The most shameful absence from the Education Secretary’s speech was her failure to make it clear that the new professional qualification for headteachers was to be a level five NVQ. In doing so she missed an opportunity to underline the status and esteem in which she holds such qualifications.

It is not really surprising that Mrs Shephard did not acknowledge the widespread national discontent over the funding of schools. There was no sign of any relaxation in education of the Chancellor’s stringent do-more-with-less financial doctrine. Mrs Shephard has clearly been spelling out to the Cabinet the electoral implications of yet another budget for larger classes. And the Prime Minister hinted earlier this week that schools would be made a special case. But on the conference dais Mrs Shephard restricted herself to John Major’s cautious jam-tomorrow pledge earlier this year; schools would be at the front of the Government’s priorities as the economy grows.

There was no sign either of the looked-for expansion of the Assisted Places Scheme to contrast with Labour’s promise to abolish it. As will become apparent today, these goodies may have been saved to provide some real meat for John Major’s own end-of-conference party piece, having already highlighted education as central to the restoration of his own and his government’s standing in his recent speech in Birmingham.

If schools are to be made a special case, we may still have to wait until the Budget and beyond to find out exactly how much of one they are to be. Easing the restrictions on local authorities’ powers of local taxation seems to have been ruled out, at least by Treasury minister William Waldegrave. Funding teachers’ pay rises would obviously help schools. But it will come nowhere near the Pounds 1.3 billion the local authorities say needs to be spent to restore services to the levels of three years ago. In many instances funding this year’s pay rise will not prevent further cuts. Many authorities cushioned their schools against last year’s cuts by the one-off use of reserves; where those coffers are now bare, cuts will have to be made simply to match existing levels of expenditure and income, even if next year’s inflation is covered.
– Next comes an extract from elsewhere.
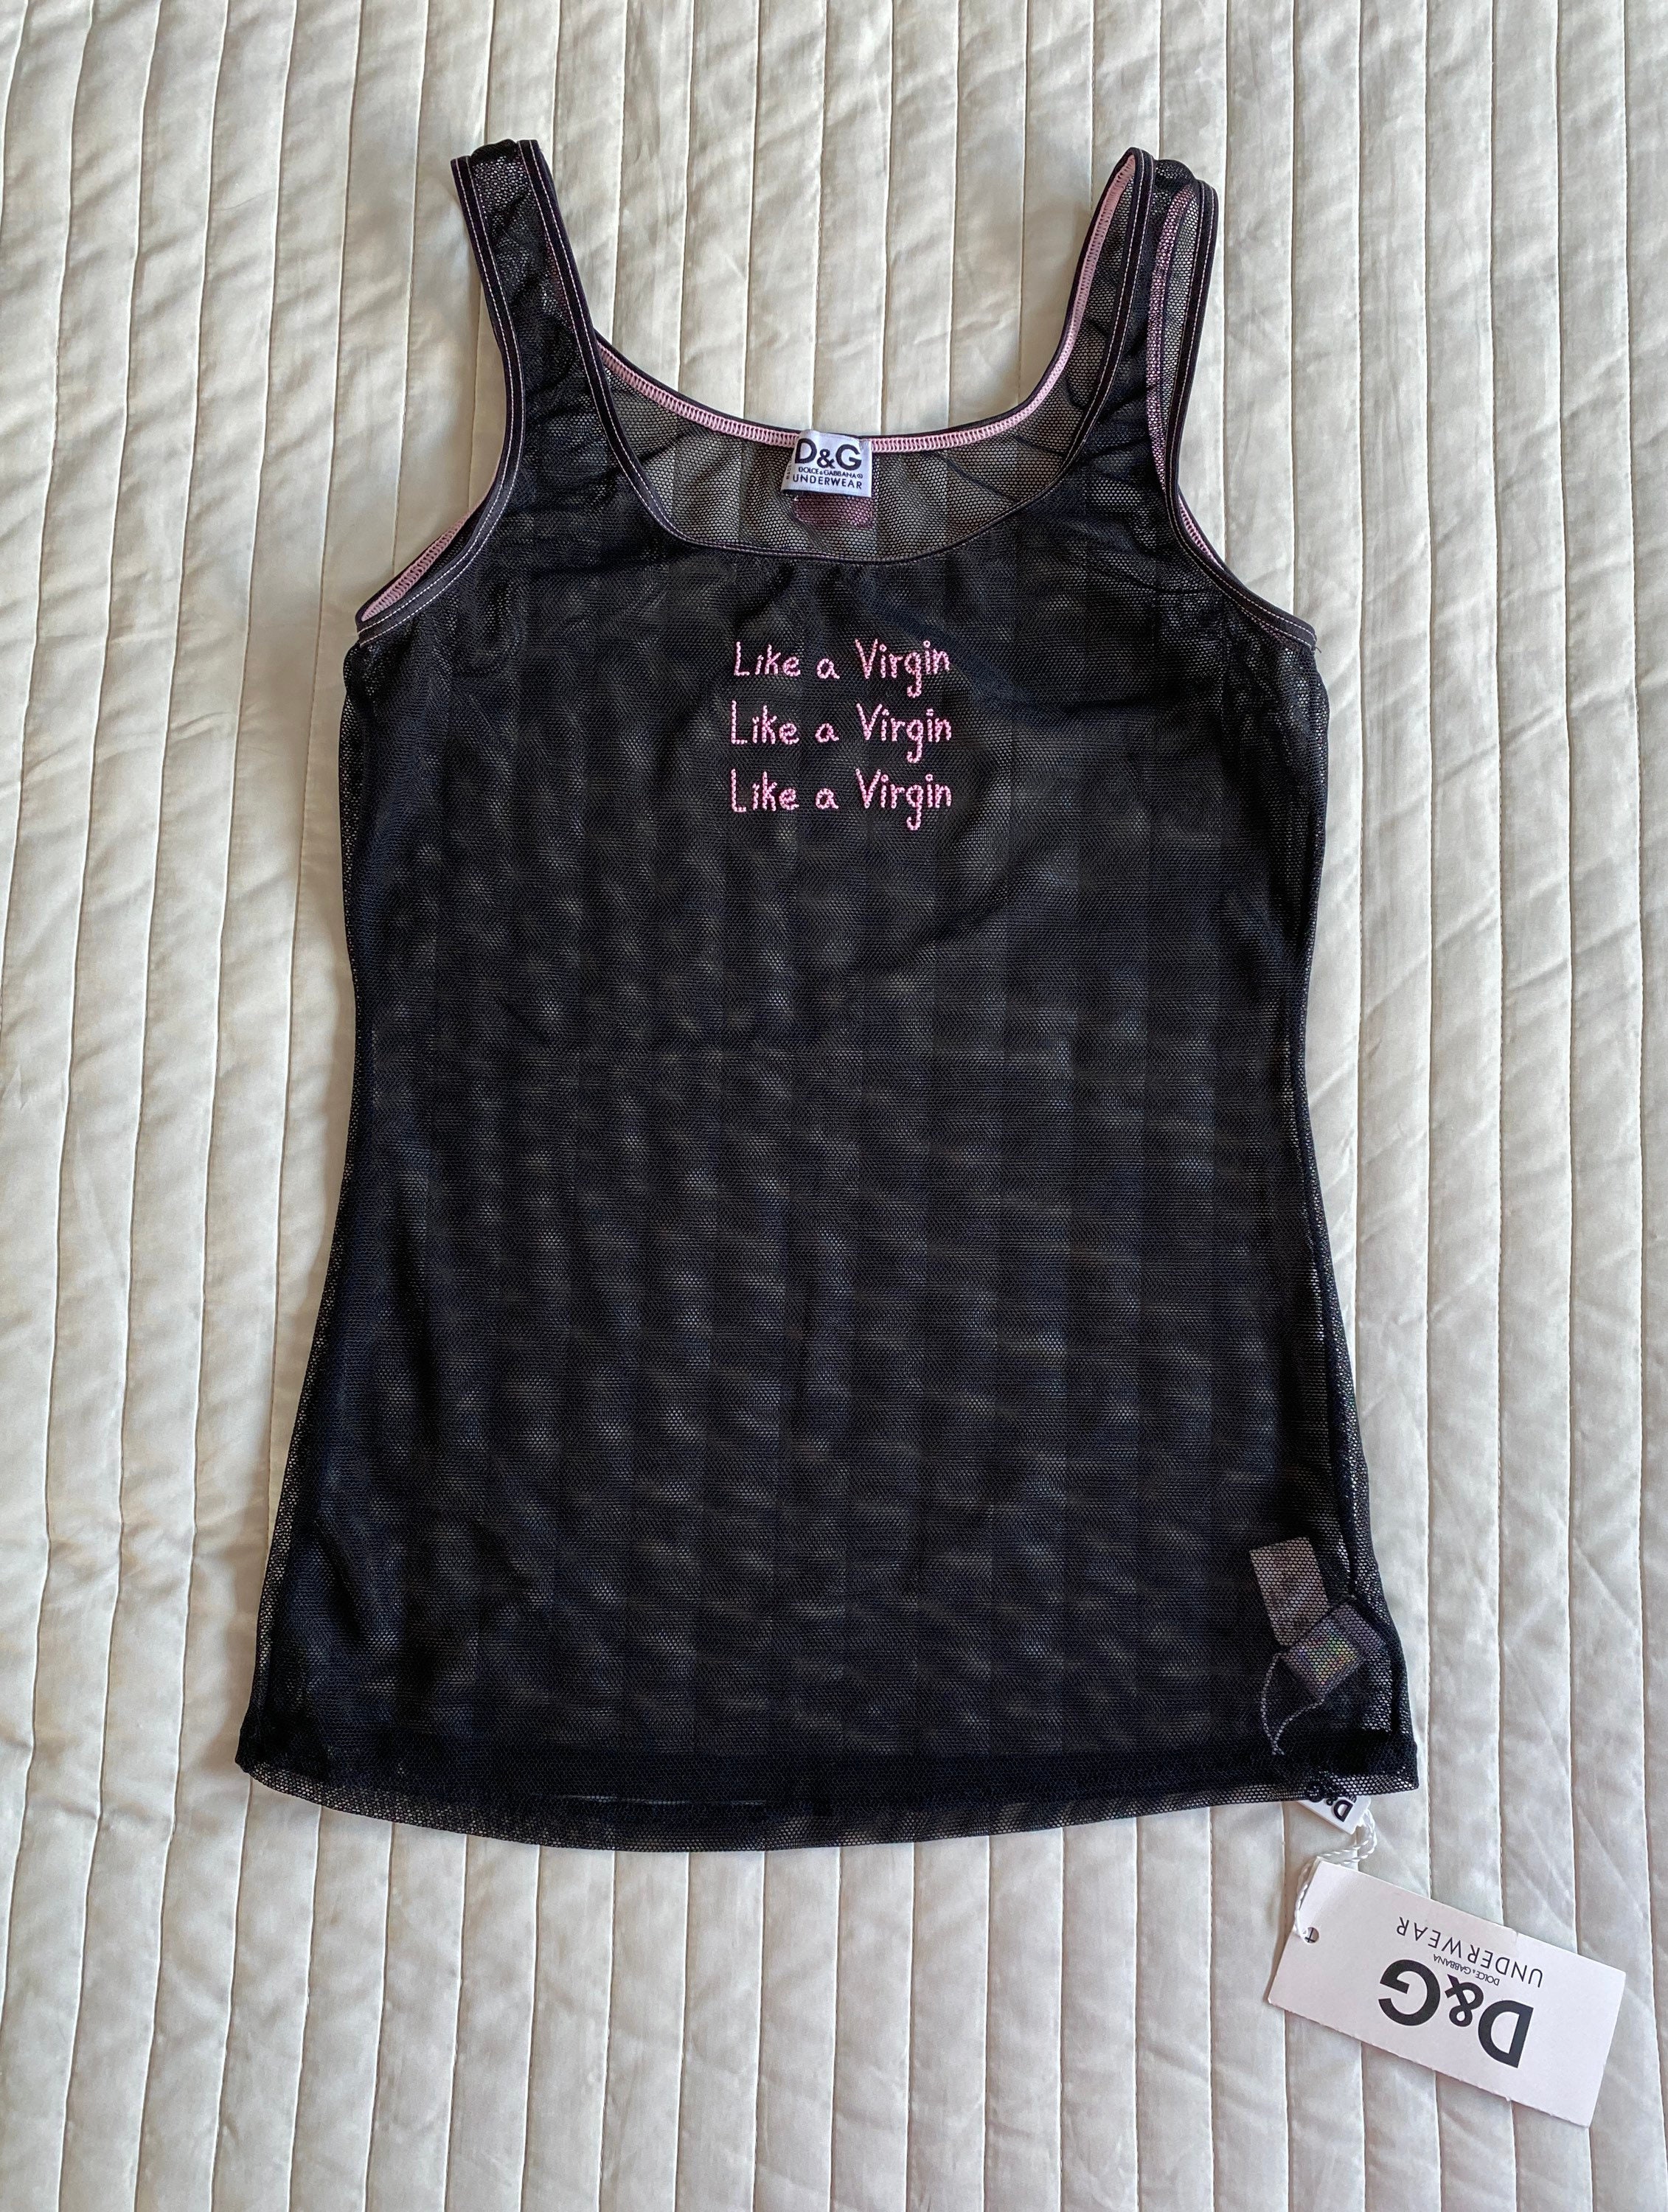 Kleding Dameskleding Tops & T-shirts Tanktops Dolce Gabbana y2k coquette black mesh camisole with pink contrast stitching and the text „Like a virgin“

Mrs Shephard concentrated on the drive to raise standards for all pupils. It is hard to see expansion of assisted places playing much of a part in this unless it is to underline the real costs of effective education. But more state funding for independent-school places does not necessarily amount to the kind of lurch to the Right that seems to have sickened the defecting former minister Alan Howarth. Certainly Labour is not dismissing out of hand the idea of working more closely with independent schools.

If levels of funding for assisted places were more like those for pupils in locally-managed or grant-maintained schools (as they may already be at the sixth-form level) it should not cost any more or amount to unfair privilege. That being the case, it is hard to see why hard-up parents should be denied such a choice or why good schools who wish to share their benefits should be denied this means of partially opting in.

The Prime Minister’s enthusiasm for all schools to become grant-maintained was another notable absence from Mrs Shephard’s address. And mentions of fast-tracks to GM status and allowing successful schools to expand there were none. Clearly the Education Secretary was not looking for cheap applause. She told a caller to the BBC TV phone-in that immediately followed her speech that opting out was progressing steadily at the rate of two schools a week. At that rate it would take more than 200 years for Mr Major’s vision to be realised.